In perhaps the most iconic picture during his trip to Korea, U.S. President Donald Trump was photographed embracing a victim of Japan’s wartime sexual slavery during the state banquet with President Moon Jae-in on Tuesday.
Lee Yong-soo, an 89-year-old Korean survivor, was invited to the dinner banquet hosted at the Blue House to mark Trump’s two-day state visit, attended by over 100 people from the two countries, including leaders of Korea’s military, business, academic, cultural and sports communities. Lee had a brief encounter with the U.S. president, smiling up at Trump as he gave her a hug, with Moon watching from the side.
Lee has been a longtime activist who has spread global awareness of the plight of so-called comfort women – young women and girls, many of them Korean, who were forced into sexual slavery by the Imperial Japanese Army before and during World War II and made to serve in military brothels throughout Asia.
In 2007, Lee was among three comfort women who testified in front of the U.S. Congress, which led to the unanimous passing of House Resolution 121 later that year, urging the Japanese government to acknowledge and officially apologize for forcing women into sexual slavery.
A photograph of the moment was shared on the Blue House’s Facebook account with a series of pictures from Trump’s visit, along with the comment, “At the state dinner, the two leaders greeted each and every guest that entered the banquet floor. President Trump is seen embracing grandmother Lee Yong-soo, the real-life protagonist of the film ‘I Can Speak.’”
The acclaimed 2017 Korean film starts off as a light comedy but quickly delves into the protagonist’s past as a wartime sex slave and her motivation to study English.
The dinner also served shrimp from Korea’s Dokdo islets in the East Sea, known as Takeshima in Japan. Sankei Shimbun said Korea is “throwing cold water on the close ties between the U.S. and Japan” by stirring up issues between Korea and Japan to get closer with the United States.
Japanese officials expressed confusion and frustration over the decision to reference such a sensitive issue at a time when trilateral relations are so crucial to regional security, Kyodo News Agency reported.
“I wonder about that,” Japanese Chief Cabinet Secretary Yoshihide Suga said about the use of the shrimp. “At a time when stronger coordination between Japan, the United States and South Korea is required to deal with the North Korea issue, there is a need to avoid making moves that could negatively affect close coordination” between Seoul, Tokyo and Washington.
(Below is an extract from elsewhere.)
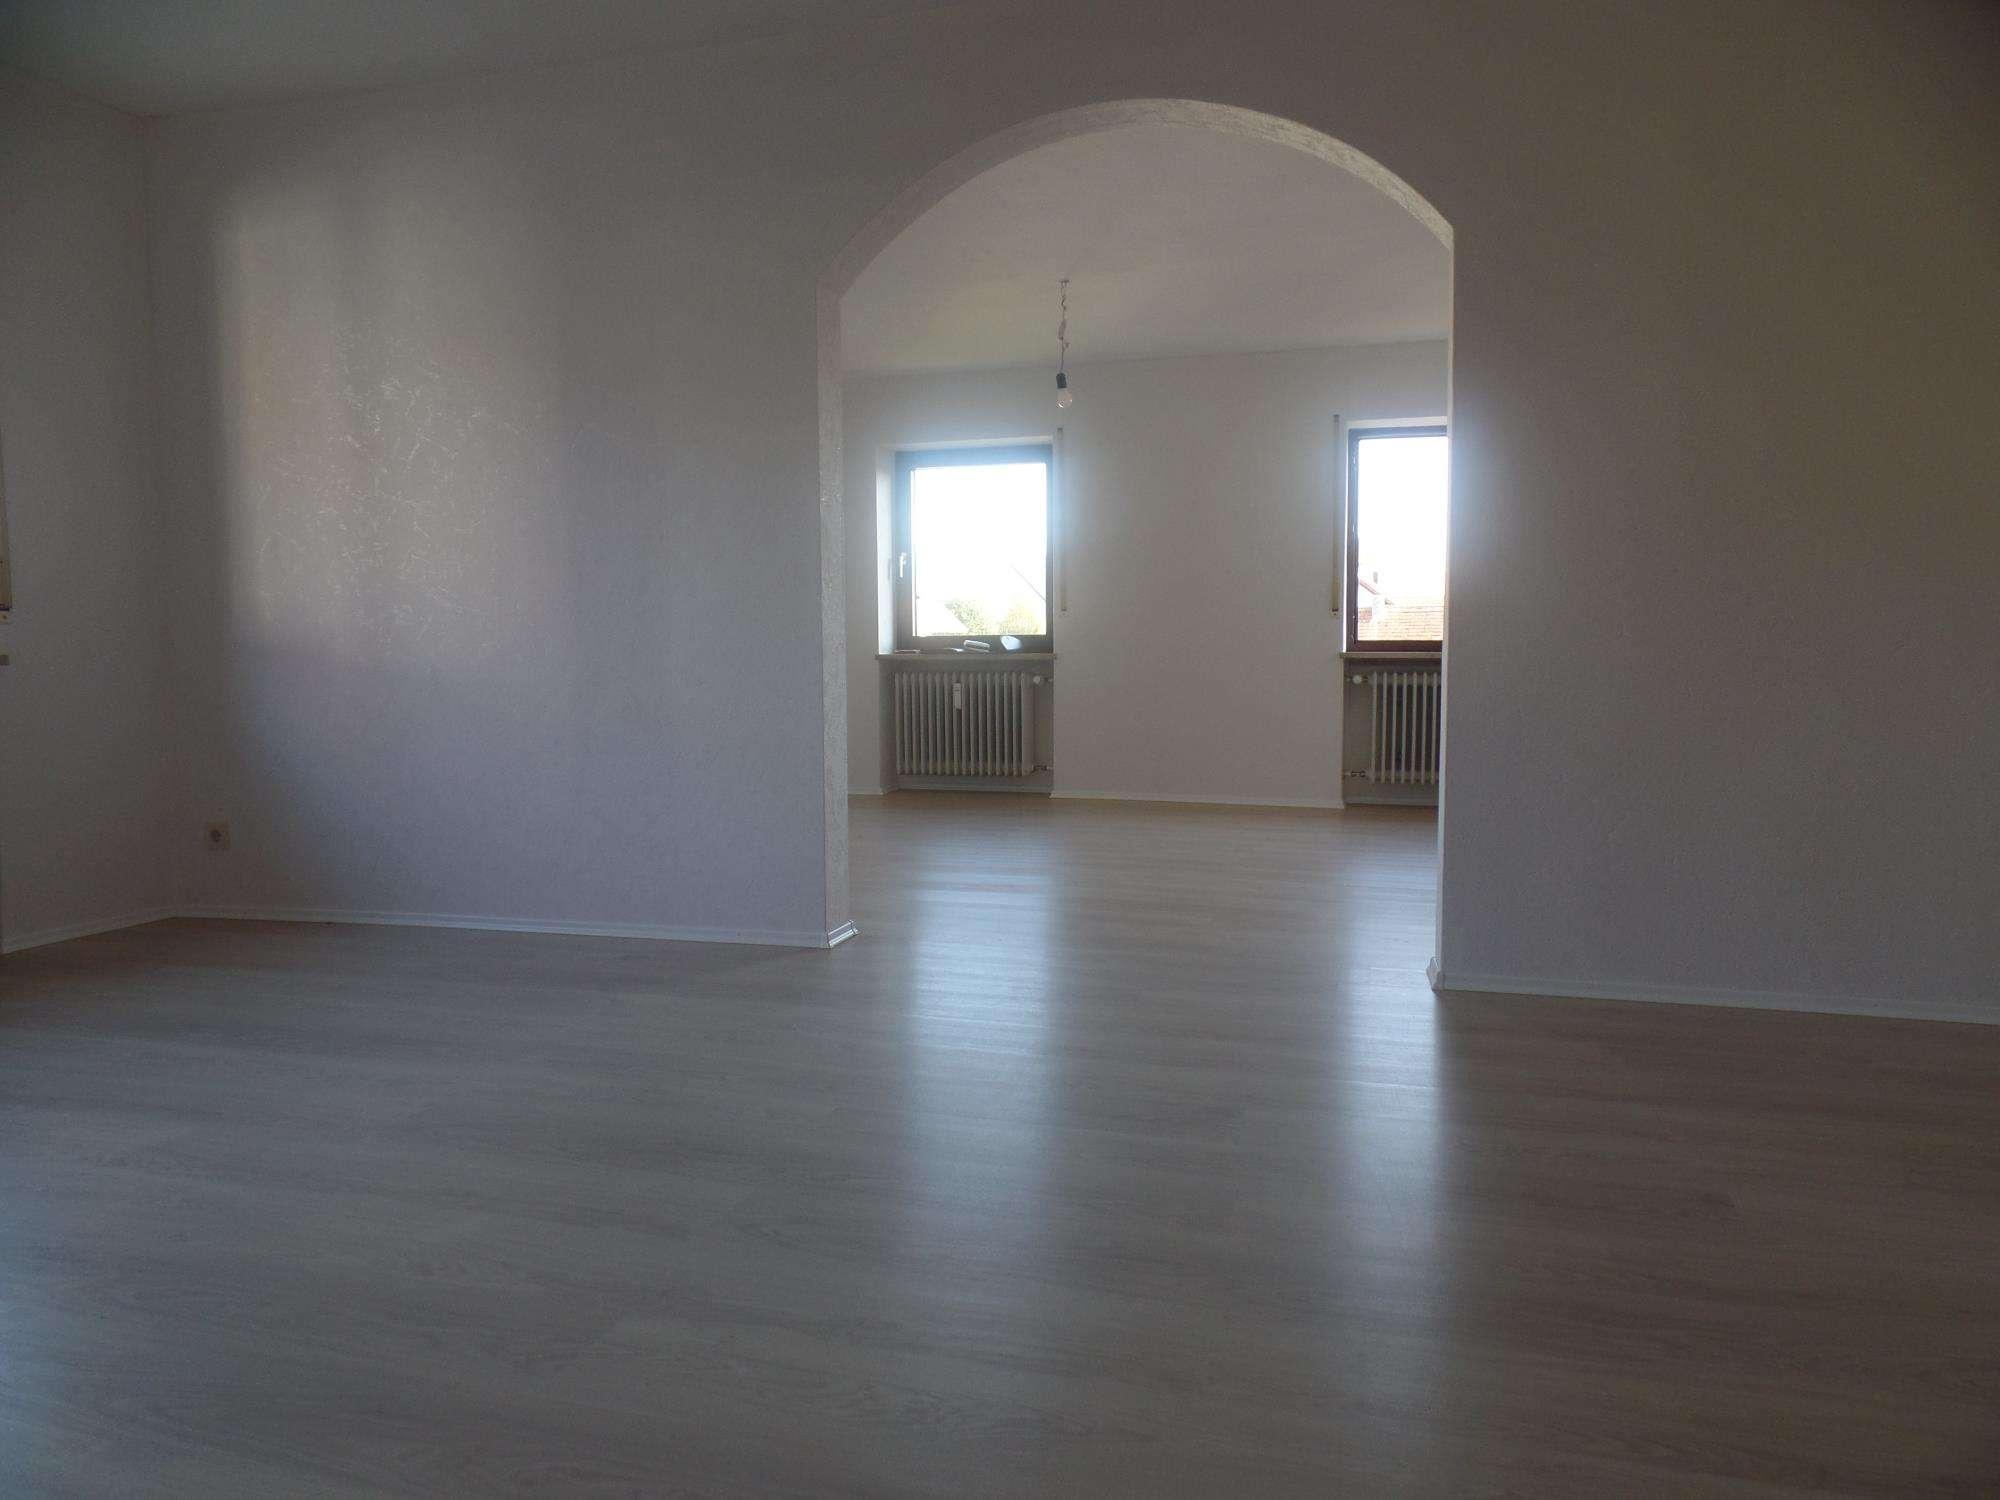 Großzügige 3,5-Zimmer-Wohnung in Aurachtal in Aurachtal

Suga also said Tokyo will continue to appeal to Seoul to steadily implement the Dec. 28, 2015, deal between Korea and Japan to resolve the comfort women issue, which included an apology by the Japanese government and a payment of 1 billion yen ($8.79 million) for the victims.
But some survivors and civic organizations have not accepted the agreement, claiming Japan needs to take clearer legal responsibility and offer more formal reparations.
Lee, a Daegu native, has said she was taken by Japanese soldiers as a teenager in 1944 and forced to serve as a sex slave at a Japanese army unit in Taiwan. She has also been an ardent participant in the weekly Wednesday demonstrations for comfort women victims, held in front of the Japanese Embassy in central Seoul.